The gift of this song to me was its exposure of my former self to the man I have become, because I, too, like Isbell, was once “one of the guys / Who pretended not to hear another white man’s joke.” Our work together today will focus in part on the importance of being an “upstander” when we witness instances of unkindness or cruelty. I have not always been an upstander in my own life, particularly when I was about the age that you are now, growing up in a small, effectively segregated Virginia town in which racism too often passed for humor, and during a time in my life when I felt keenly a desire to fit in, to be cool, to be accepted – as I expect that many of you experience such feelings in your own lives today. I regret that I did not push back against the cruel jokes that were sometimes told in my presence. I wish for you greater strength than I demonstrated then.

I have learned since that time in my life a secret that helps to give me greater strength than I once had. I will tell it to you today, but my telling it alone won’t make a difference. It will only make a difference if you hear it and take it to heart.

The final line of the stanza that I read to you from Isbell’s song is “Ol’ times ain’t forgotten.” It is a lyric with multiple layers. On its surface, it tells us that Isbell has not “forgotten” his past failures to push back against “another white man’s jokes.” Nor, one might suppose, has the man into whose eyes Isbell now stares forgotten the insults and injuries he has suffered as a result of such failures to act – instances of complicity when, in the words of the English philosopher John Stuart Mill, “good men look on and do nothing.”

Beneath its surface, however, “Ol’ times ain’t forgotten” surely also refers to the opening line of the song “Dixie,” which was effectively the national anthem of the Confederacy during the American Civil War: “I wish I was in the land of cotton, old times there are not forgotten.” By alluding to “Dixie,” Isbell acknowledges the terrible durability of racism in American life. Heard this way, the words “ol’ times” extend beyond the short term of Isbell’s individual past to the long term of our nation’s collective past.

The lyric’s surface and sub-surface meanings, though distinctive, are nevertheless mutual. As long as people tell jokes or make assumptions that discriminate on the basis of race, then a social climate of racism will persist within which people will continue to tell racist jokes or make racist assumptions – or, for that matter, tell ethnic or homophobic or sexist or other discriminatory jokes, or make ethnic or homophobic or sexist or other discriminatory assumptions.
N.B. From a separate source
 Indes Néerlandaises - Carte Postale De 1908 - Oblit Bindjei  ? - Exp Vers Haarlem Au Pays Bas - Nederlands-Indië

A climate of unkindness is conducive to small acts of unkindness, which in turn sustain a climate of unkindness.

When I was your age, I did not work hard enough to break this vicious cycle. I hope that you will work harder than I did. Doing so requires extraordinary social and emotional strength. It requires extraordinary strength to say to a friend, “Maybe you didn’t realize it, but I think that what you just said was unkind. Can we talk about that?” It requires extraordinary strength as well to be that friend, and to listen, and to say, “Maybe you are right,” and then to approach the other person and say, “I am so sorry if what I said was hurtful to you.” It also requires extraordinary strength to be that other person, and to listen, and to say, “I believe you, and it’s okay. Thank you for saying something.”
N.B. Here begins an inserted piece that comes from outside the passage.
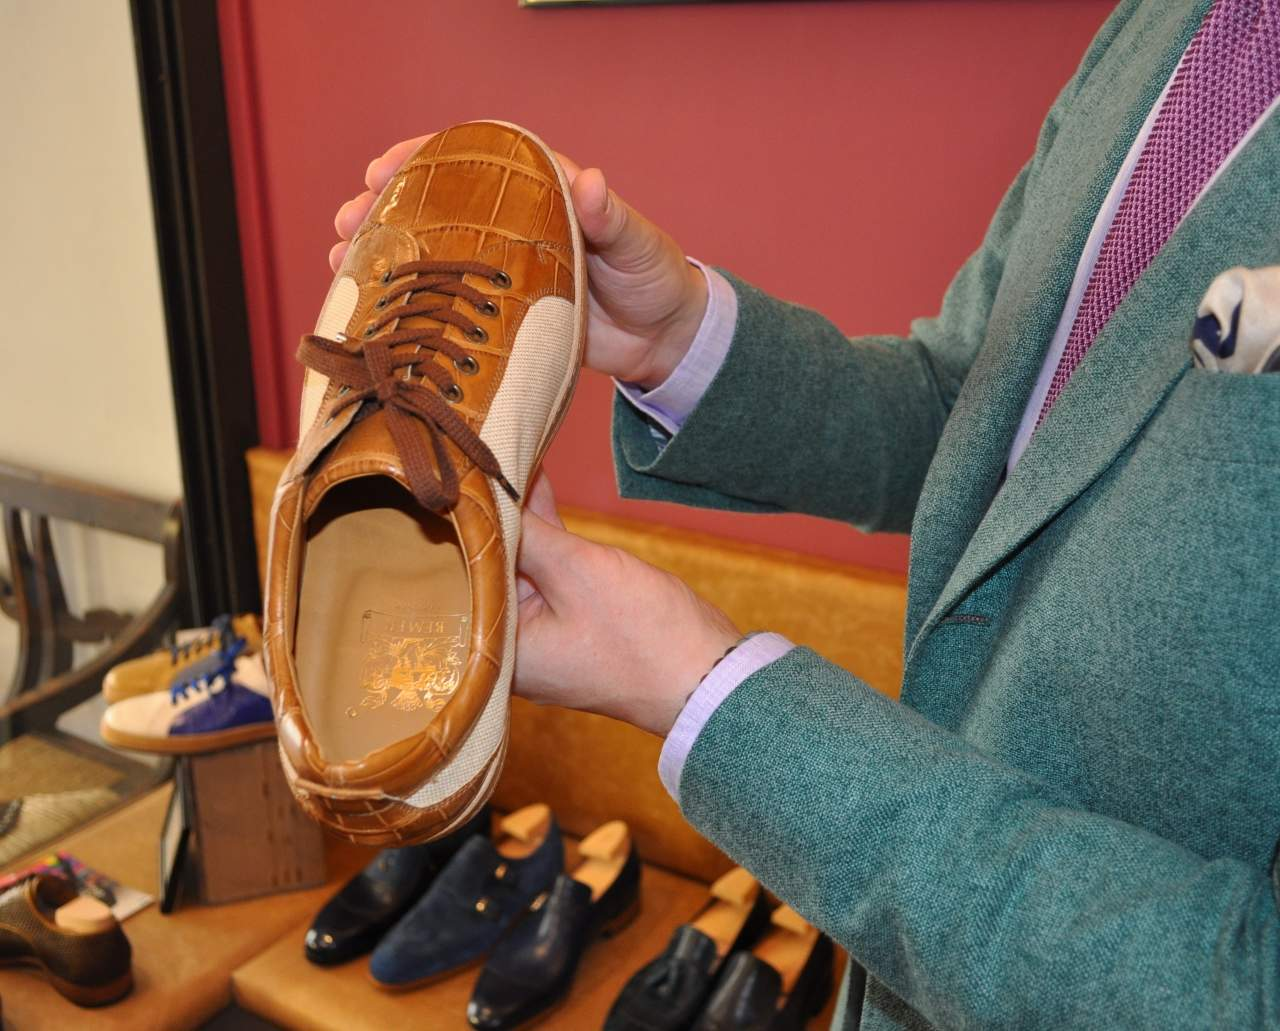 Mario Bemer crocodile sneakers

The strength to stand up, the strength to acknowledge, and the strength to forgive. I wish all of these strengths in your lives, here at MICDS and beyond. And I wish for you discernment as you continue to grow, to be able to sense when the words or actions you are about to speak or to take might be hurtful, and to govern yourself against speaking or taking them. If we do this work well, then there will be less of a need to stand up, less of a need to acknowledge, less of a need to forgive.

So what is the secret I have learned that gives me greater strength than I once had? It is simply this: Every single person I meet is more important than I am. And every single person you meet is more important than you are. If you believe this in your heart, and if you live out this belief in your life, extending dignity and kindness and grace to everyone you meet because you believe that person to be more important than you, then you will never commit an unkind act. And when you witness an unkind act, you will always find it easy to stand up to it.

Every single person you meet is more important than you are. I hope you will carry this secret to happiness with you today and in your lives ahead. Thank you for spending some of your time with me this morning. I wish you a wonderful and inspiring RISE day together.